Q: My Trekker friends tell me that there was
some reference to the series on the set of "Star Trek: Deep
Space 9." True?
A: True! The directory on the Promenade
included a listing for "Tom Servo's Used Robots."
Q: I hear Mike and Bridget Jones are
married!! Is that true?
A: Yes, Mike is married to fellow BBI writer
and performer Bridget "Flavia" Jones, and they have two
Q: Did anybody at Best Brains ever make a
movie before MST3K:TM?
A: In 1986, Jim Mallon directed a horror
movie for Troma Films (perhaps best known for such titles as
"Fat Guy Goes Nutzoid") entitled "BLOOD HOOK."
Q: I like those bad old movies and shorts.
Why can't Joel/Mike and the bots be quiet?

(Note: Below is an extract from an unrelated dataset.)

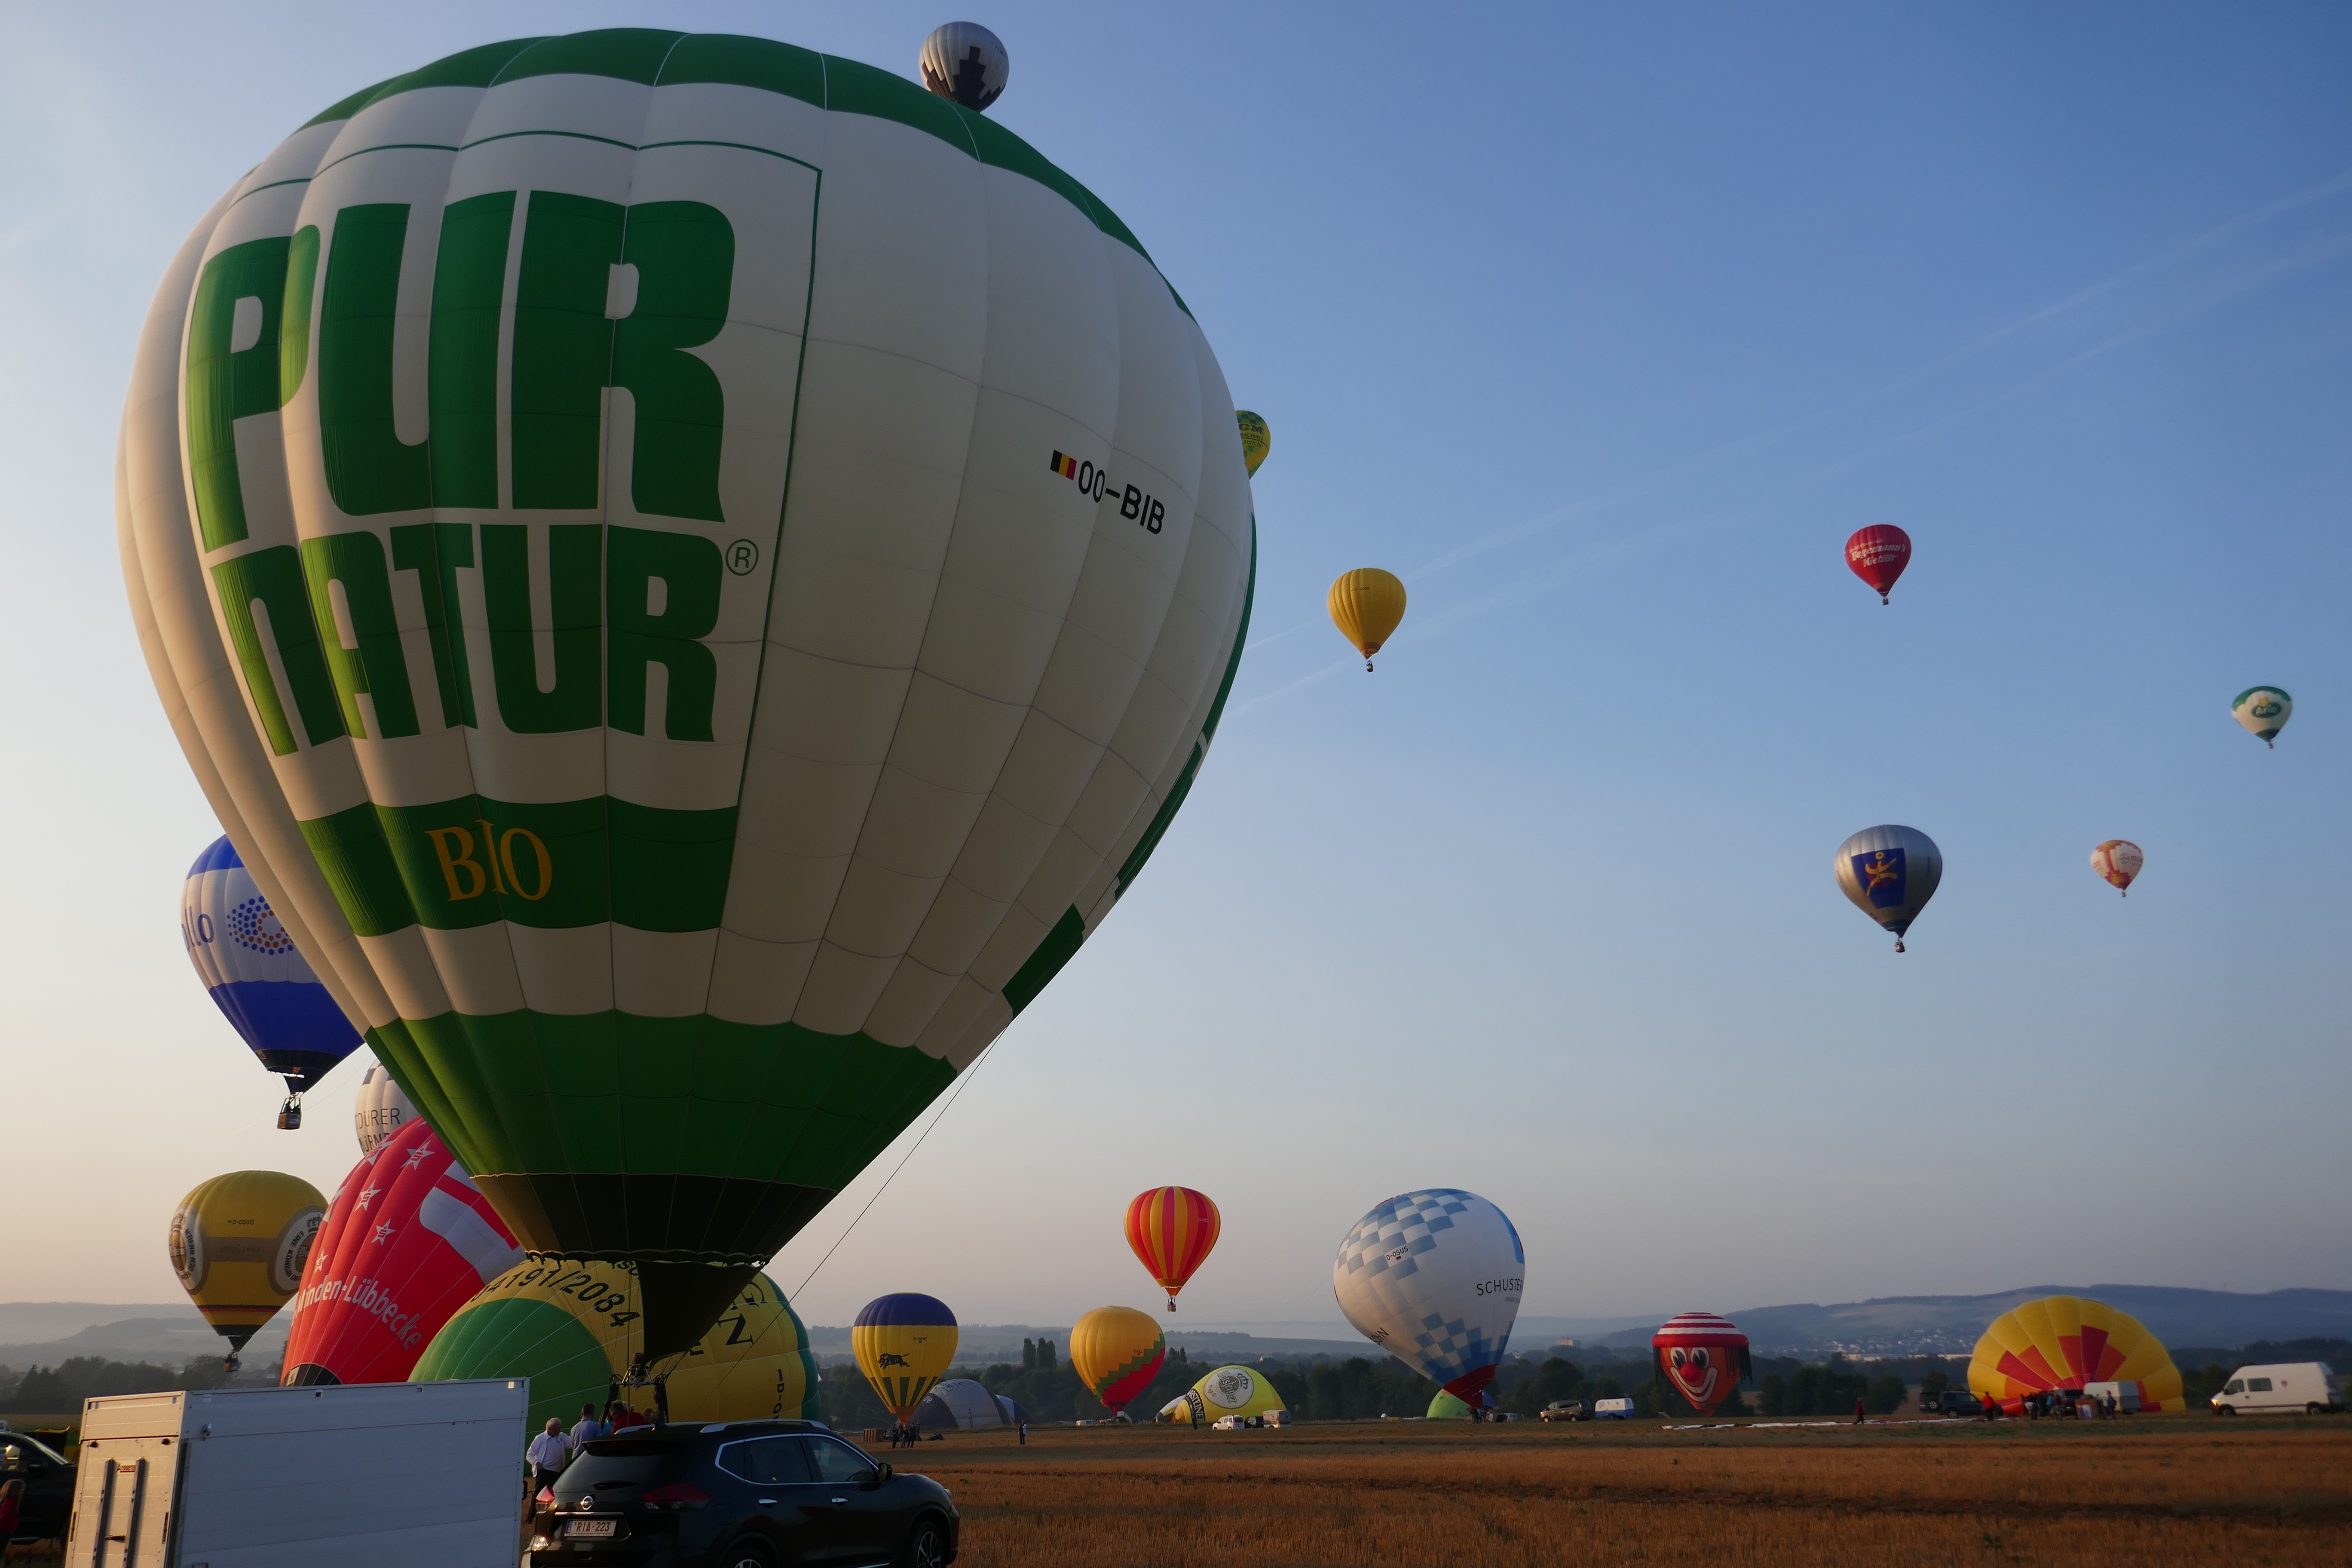 Ballonmeeting Dreamballooning

A: You have failed to grasp the point of the
show. Go back to the beginning and start reading again. If
you *still* don't get it, most of the movies featured on
MST3K are available on video. Now, go away.
Q: I like the comedy, but many times the
movie is SO bad, even the jokes don't save it, and I just
can't take it. Why can't they do a *good* movie?
A: You, too, have failed to grasp the point
of the show, though your aesthetic tastes are much more
admirable than that last joker. Although the show's premise
changed in many ways over the years, one thing did not
change: The idea that the movies being watched are supposed
to be torture (TORCHAA!) for Mike/Joel & the 'bots. A
good movie would not be torture. It has been argued that
even a good movie, like, say, "The Wizard of Oz" or "Gone
With The Wind," would offer many opportunities for humor.
That's undenyably true, but a bad movie gives the writers
much more to work with. Besides, why would anybody make fun
of a good movie?
Q: It seems to me that this sort of thing has
been done before. Has it?
A: Well, the concept of commenting humorously
on some tedious presentation goes back at least to
Shakespeare (check out the characters riffing on a boring
play in the final act of "A
Midsummer Night's Dream")
and further back to the Chorus that was a regular feature of
ancient Greek plays, and probably a lot further.
In recent years we've seen a number of similar concepts. In
1966, Woody Allen released a movie called "What's Up Tiger Lily?" in which he threw out the soundtrack of a
horrible Japanese spy movie and dubbed in his own satirical
soundtrack, creating a vaguely MST3K-like experience. (The original movie, for
the record, was 1964's "Kagi No Kag" -- English translation:
"Key of Keys.")
That same concept -- dubbing new dialog over old movies --
was used in the 1980s for a syndicated TV series called
"Mad Movies with the L.A.
Connection." When The L.A.
Connection performed live, they did so from the front row of
an L.A. theater. There are reports of underground comedy
teams in San Francisco and Los Angeles in the late 1960s who
experimented with humorous commentary of movies, etc.
There was also the 1982 movie, "It Came From Hollywood," in which Dan Ackroyd, John Candy, Cheech
and Chong, Gilda Radner and others provided comical
narration to clips from several B-grade films.
Of course, the "Rocky
Horror Picture Show"
phenomenon should be mentioned.
And from around the country, viewers report that the hosts
of local-station "Monster Chiller Horror Theater" type shows
would often mock the movies they were showing in one way or
another, sometimes while the movie was playing, though never
quite in the way MST3K
does, and certainly not with as much success.